Abbildung 5. Unterdrückte Tumorvaskularisation nach Adoptivtransfer von FK866-behandelten Neutrophilen. Tumore wurden wie oben beschrieben isoliert (Abb. 4). Die Gefäßreifung wurde mit Anti-SMA-Antikörpern (reifen Gefäßen) und Anti-Gamma-Laminin (Endothelzellen) bewertet. (A) Repräsentative Färbung von Tumoren werden gezeigt: SMA (grün), Laminin (rot). Skalenbalken: 50 m. (B) Quantifizierung der Tumorvaskularisation nach Adoptivübertragung von TANs, die mit FK866 (grün) oder mittel (rot) kultiviert wurden Daten werden als Median, Interquartilbereich und min-max, *p<0.05 angezeigt. Bitte klicken Sie hier, um eine größere Version dieser Abbildung anzuzeigen.
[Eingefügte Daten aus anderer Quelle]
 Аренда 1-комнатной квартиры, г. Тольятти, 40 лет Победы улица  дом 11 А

Trotz der Fortschritte in der chirurgischen und pharmakologischen Krebsbehandlung bleibt eine erfolgreiche Therapie eine Herausforderung. Da Immunzellen bekanntermaßen eine wichtige Rolle bei der Regulierung des Tumorwachstums spielen, sollten neuartige Methoden etabliert werden, die die Tumorigenizität solcher Zellen hemmen. Hier zeigen wir einen neuartigen Ansatz zur Unterdrückung des Tumorwachstums durch Adoptivtransfer antiangiogenicer Tumor-assoziierter Neutrophile. Selektives Targeting der pro-angiogenen NAMPT-Signalisierung in TANs, mit FK866-Hemmer, verhindert Nebenwirkungen, die bei der systemischen FK866-Behandlung beobachtet werden.
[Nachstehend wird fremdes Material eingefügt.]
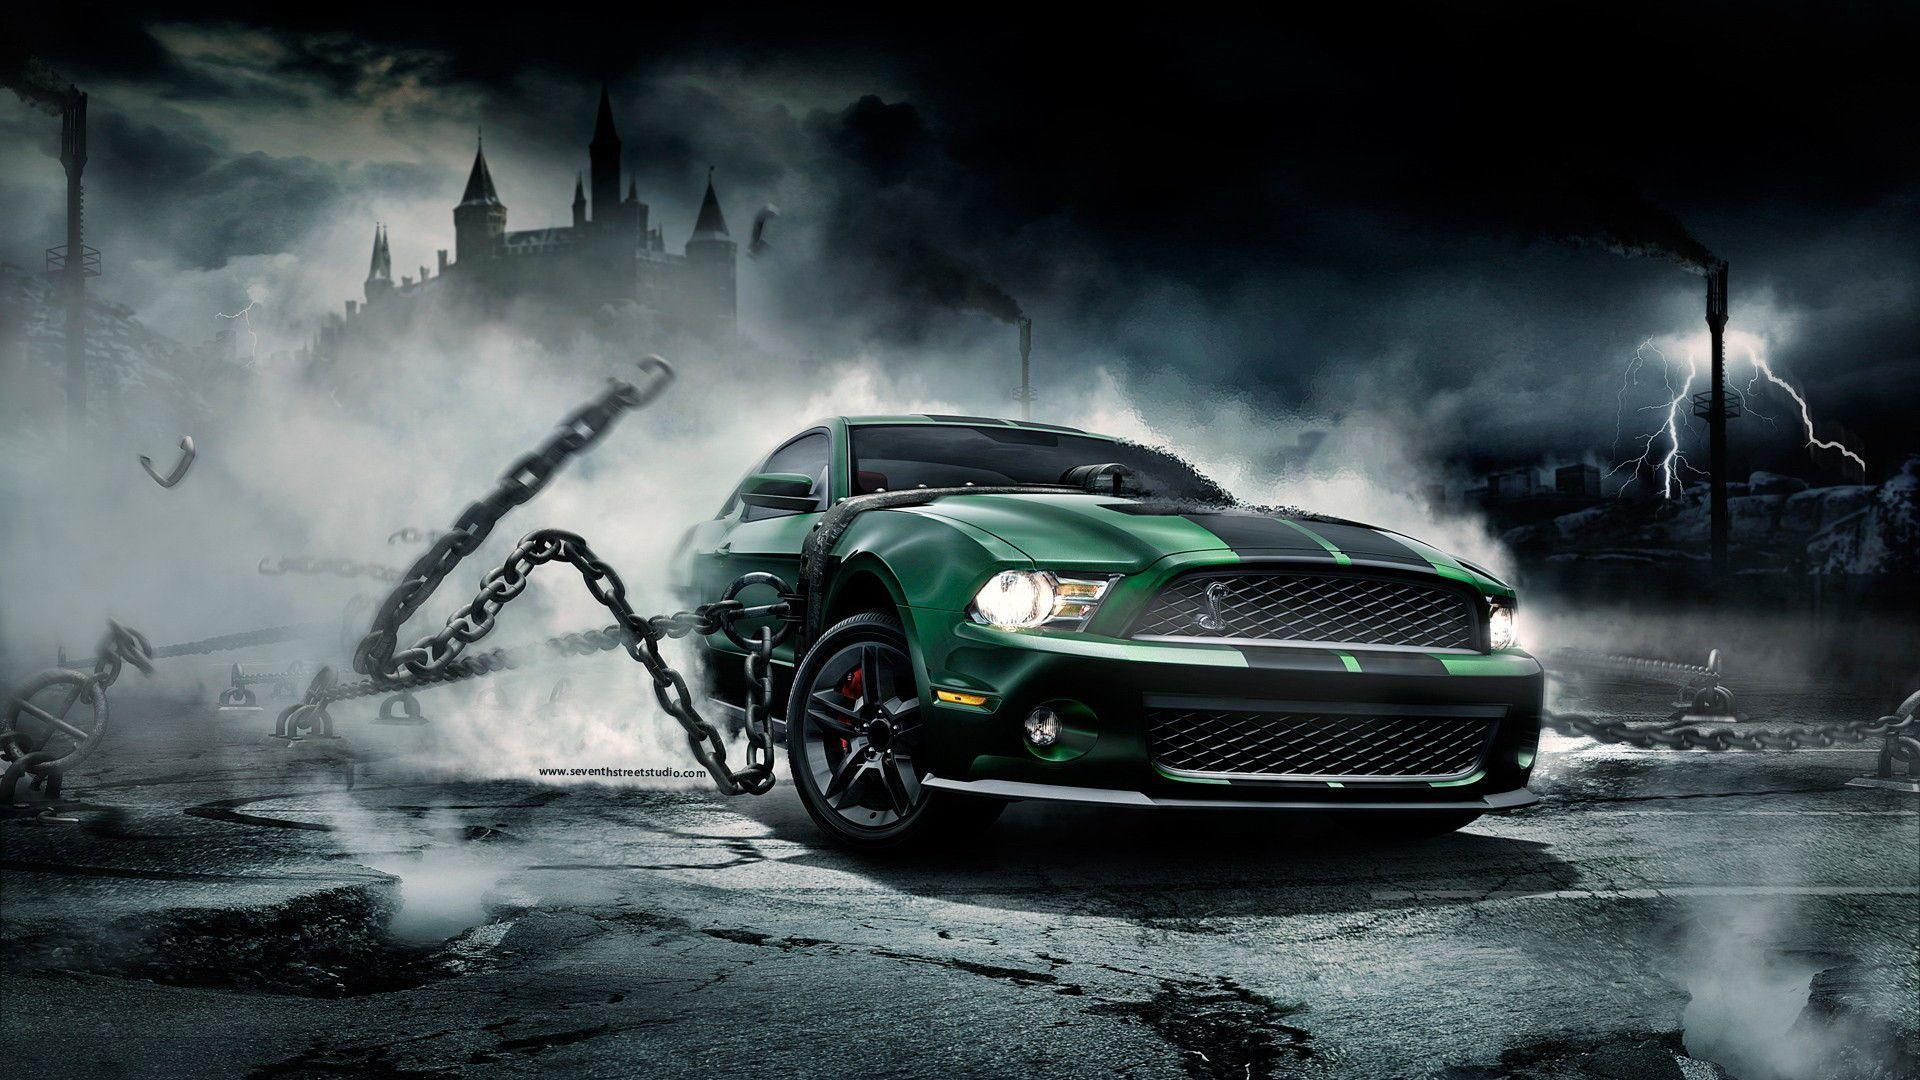 446 Mustang Wallpapers | Mustang Backgrounds

Der kritischste Teil des Protokolls ist die Notwendigkeit, frisch isolierte primäre Neutrophile zu verwenden. Neutrophile sind kurzlebige Zellen, die einer Apoptose unterzogen oder während des Isolationsverfahrens aktiviert werden. Murine Neutrophile sollten während aller Isolationsschritte, einschließlich der Zellsortierung, in 4 °C-Medien aufbewahrt werden. Die Isolierung von Neutrophilen sollte so schnell wie möglich durchgeführt werden und das Experiment sollte nicht angehalten werden. Die Verwendung von Fc-Block ermöglicht die Reduzierung der unspezifischen Färbung der Zellen mit hoher Fc-Rezeptor-Expression, wie NK-Zellen. Wir empfehlen auch, die Anzahl der fluoreszierend konjugierten Antikörper zu minimieren, um die Gating-Strategie zu vereinfachen und die Aktivierung von Neutrophilen durch Antikörperbindung zu vermeiden.
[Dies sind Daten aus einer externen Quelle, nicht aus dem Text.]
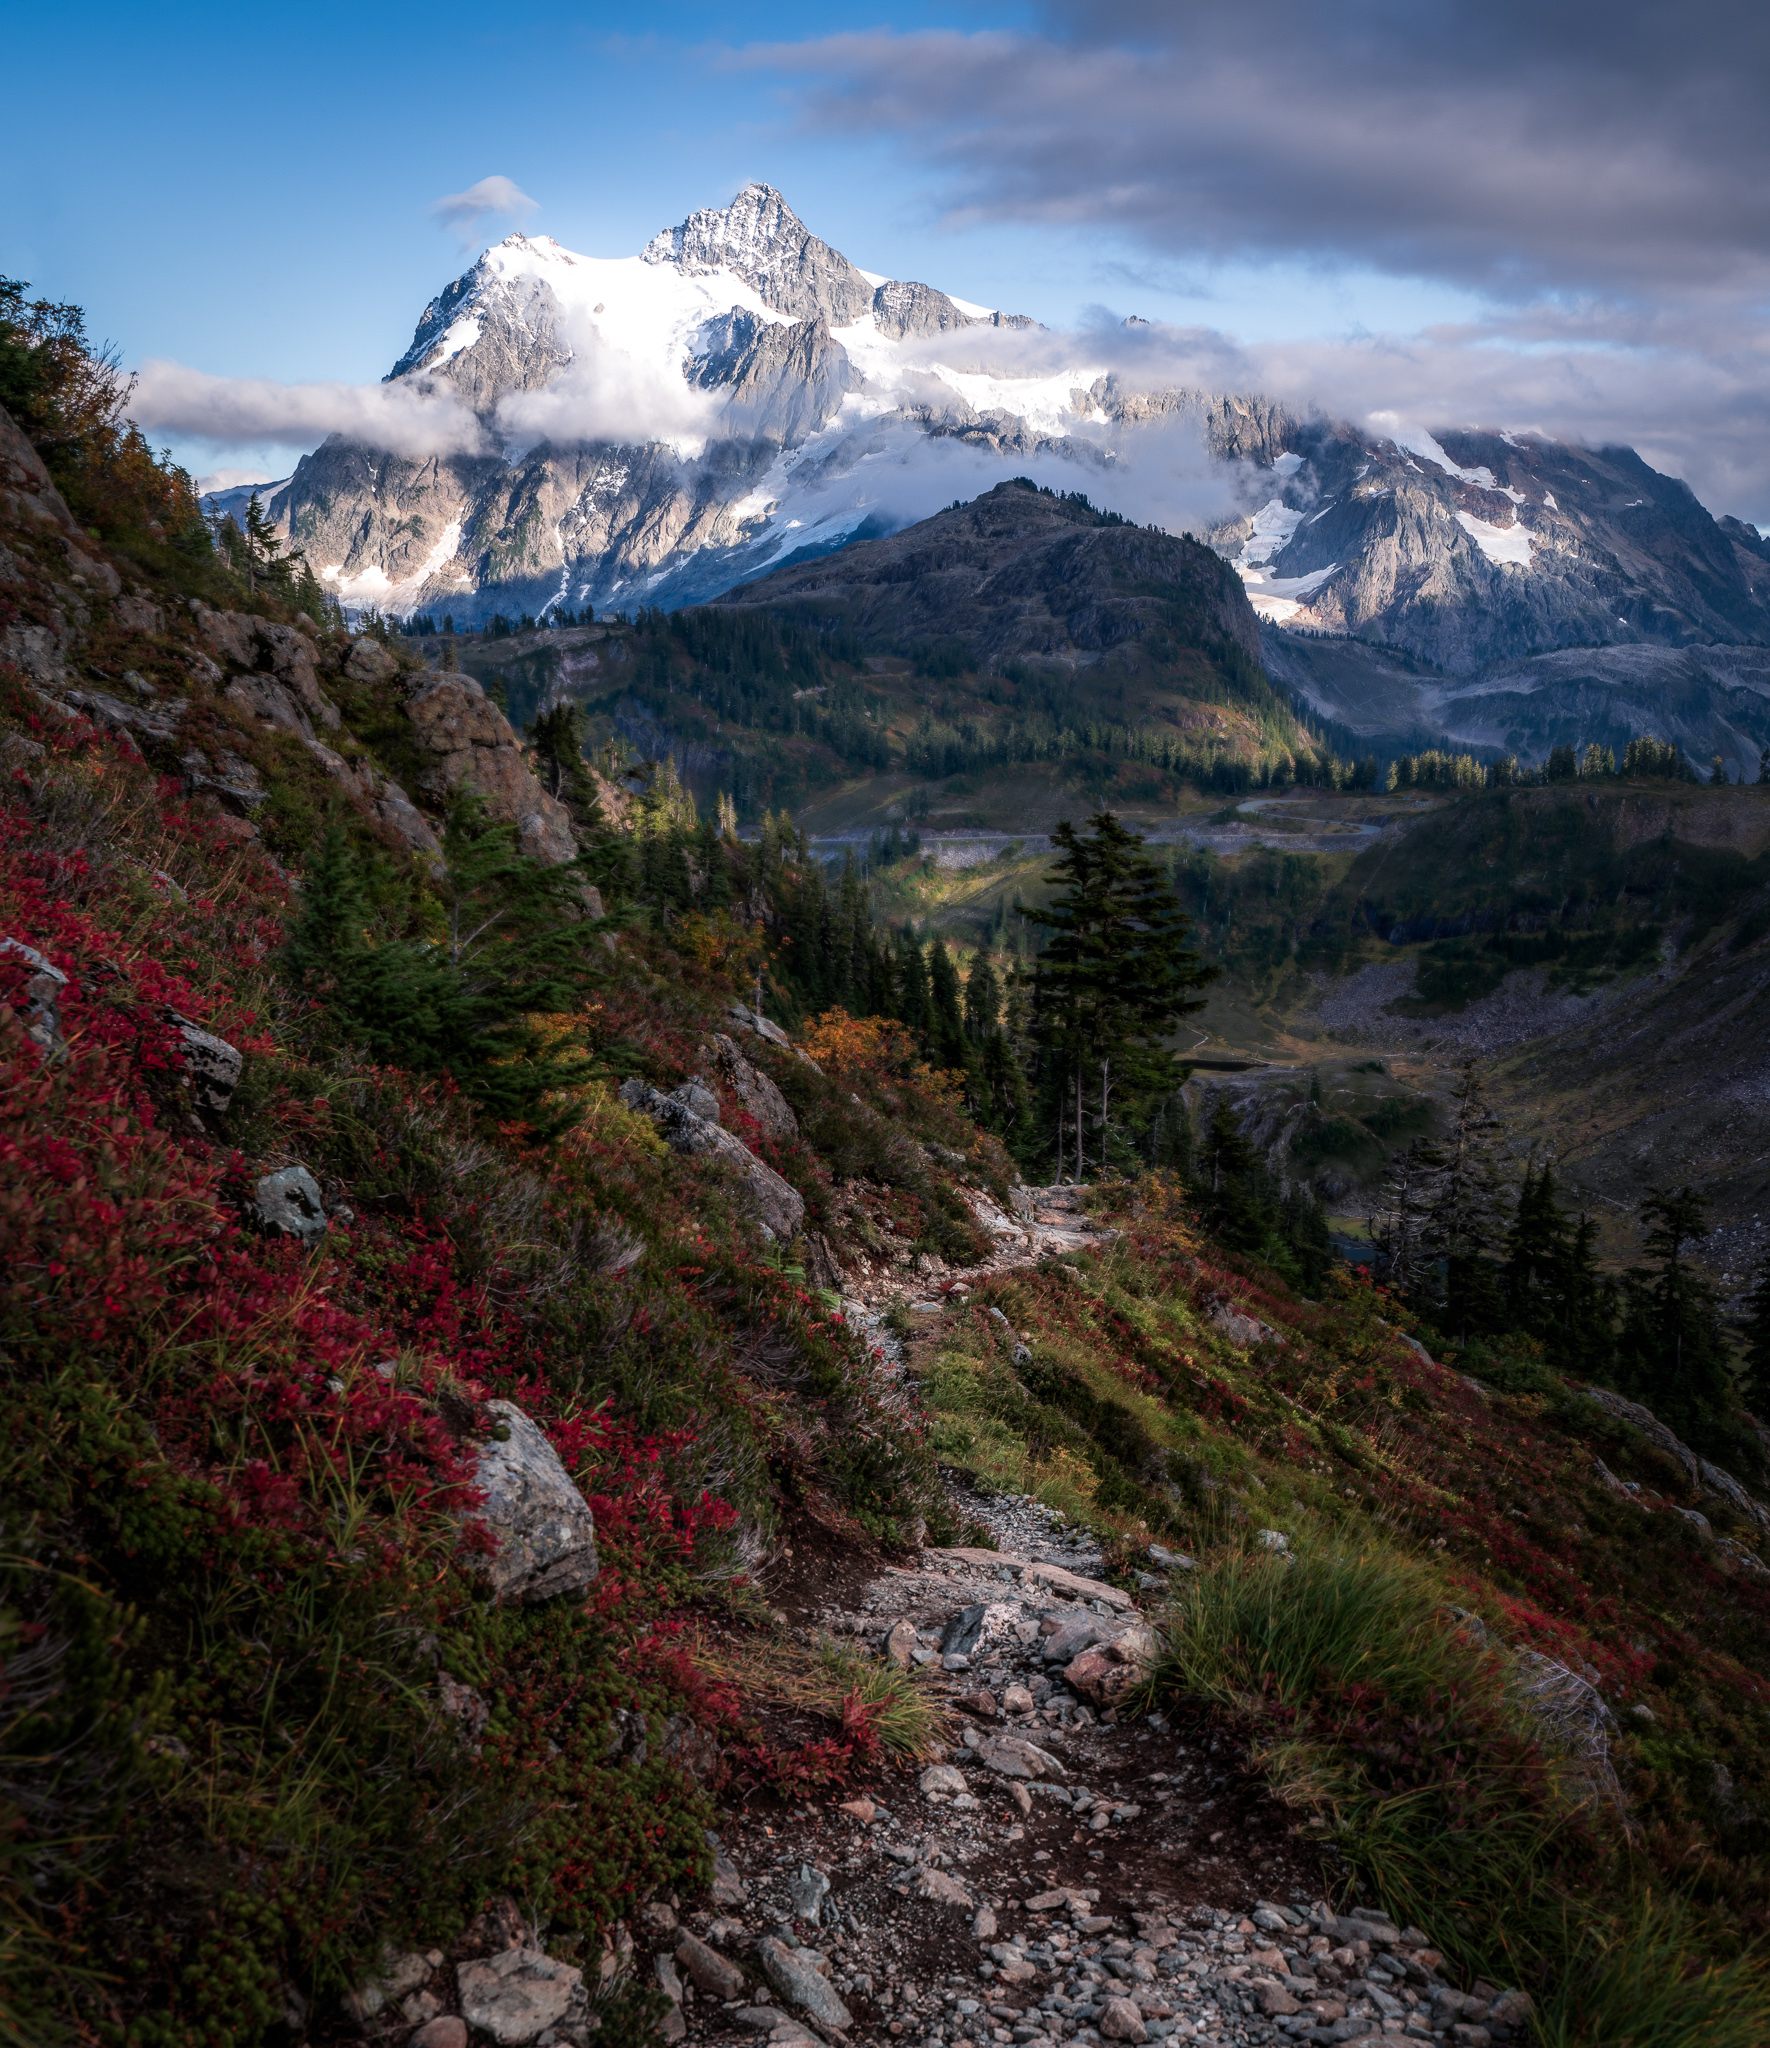 Fall and Mt. Shuksan

Der einschränkende Schritt des Protokolls ist die Isolierung lebender Neutrophile von Tumoren aufgrund einer relativ geringen Anzahl dieser Zellen in Tumoren (nicht mehr als 1% der einzelnen lebenden Zellen bei Melanomen). Dies war nur mit Flow-Zytometrie-basierter Sortierung möglich. Zur gleichen Zeit, die Verwendung von Blut Neutrophile für dieses Protokoll sollte aufgrund nur geringfügige Regulierung der NAMPT-Expression und ihre geringe Funktionalität, die bei Tumorgewebe Ankunft verändert¹⁶vermieden werden. Möglicherweise, um Blut neutrophile zu verwenden, Sie sollten zuvor mit Tumor-abgeleiteten Wachstumsfaktoren aktiviert werden.

Um neutrophile Apoptose zu vermeiden, wird eine kurze Behandlung mit FK866 (2-4 h) vorgeschlagen, da sie keinen Einfluss auf die Lebensfähigkeit von TANs hat, während eine längere Behandlung eine neutrophile Apoptose¹⁶induziert. Zusammenfassend zeigt das Protokoll das Potenzial von ex-vitro-manipulierten antiangiogenen Neutrophilen, das Tumorwachstum im Tumormodell des Mausmelanoms funktionell zu unterdrücken.

Die Autoren haben nichts zu verraten.

Unterstützt wurde unsere Arbeit durch Stipendien der Deutschen Krebshilfe, Fördernummer: 111647, und des Deutschen Forschungsrates (DFG), Fördernummer: JA 2461/2-1.